The Times ran her photo under the headline, "The somber task of honoring the fallen," accompanied by a story in which Silicio describes the care demonstrated by military and civilian workers in bringing home the war dead. The Times did not pay Silicio for the photo.
Monday, the day after the story was published in print and on the Web, Silicio and Landry were called in to the office of a Maytag official and told they had violated company and base disclosure rules. Their fate was unclear; they might receive only a reprimand and three-day suspension without pay. The couple were sent home. With no television or phone, their main connection with the outside world was the Internet.
On Tuesday, a Maytag official told them they were both fired: Silicio for taking and releasing the photo and Landry for helping to pull off the effort — even though he'd balked at the release.
The next few days brought a roller coaster of emotions. The two were shocked by their new financial predicament: unemployed with few savings and some debts yet to pay off. But they also began to feel pride, and a new confidence, as a trickle of e-mails and Web searches gave them a sense of the avalanching public reaction.

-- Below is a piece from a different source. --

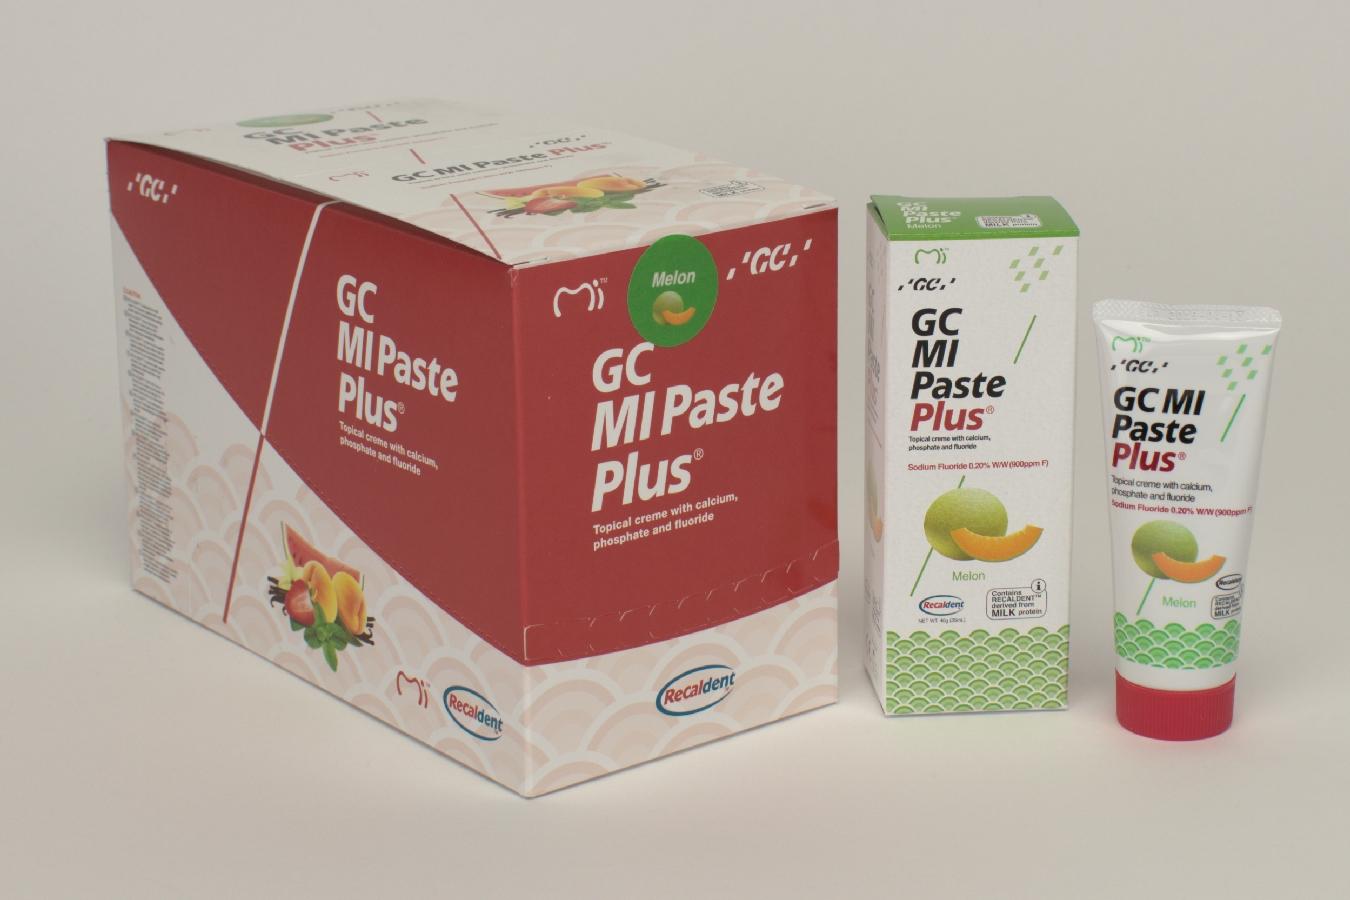 MI Paste Plus Melone 10x40g Tb

By Friday, the couple were planning their return to the Puget Sound area. Beyond that, their plans are uncertain. In the short term, the biggest decisions have been which interviews to grant. ABC was an early winner: It moved them to a room with a good phone at a beachside Hilton hotel.
To handle the onslaught of media requests for the photo, Katz retained an agent, Zuma Press. The California-based agency had sold the photo to print and television media around the world and takes 40 percent of the profits.
Silicio says she wants to donate her proceeds to help the families of soldiers and contractors who died in Iraq. But Katz and other friends, concerned about her finances, are urging her to take more time before making a final decision.
For much of last week, Katz was the more-public face of the two friends. From her mother's house in Las Vegas, she handled a blizzard of media inquiries, racing through television and radio appearances in a sleepless 48-hour sprint.
Katz has shared in the pride of the huge response to the photo. Yet she also feels guilty for her involvement in something that cost Silicio her job. Talking about those events brought Katz to tears late last week.
"I'm very much aware of how much of a role I played in this," she said. "The phrase that comes to mind is 'sacrificial lamb,' and it makes me feel very sad, and very guilty. I think she martyred herself, and I martyred her."
But Silicio is not second-guessing her decision.
"I figure there is a reason for everything," she said. "I think that maybe this is the way it was supposed to be. I was supposed to take the picture. I was supposed to send it to Amy. And then, this chain of events went the way they were supposed to be."
Seattle Times reporter Rachel Tuinstra contributed to this report.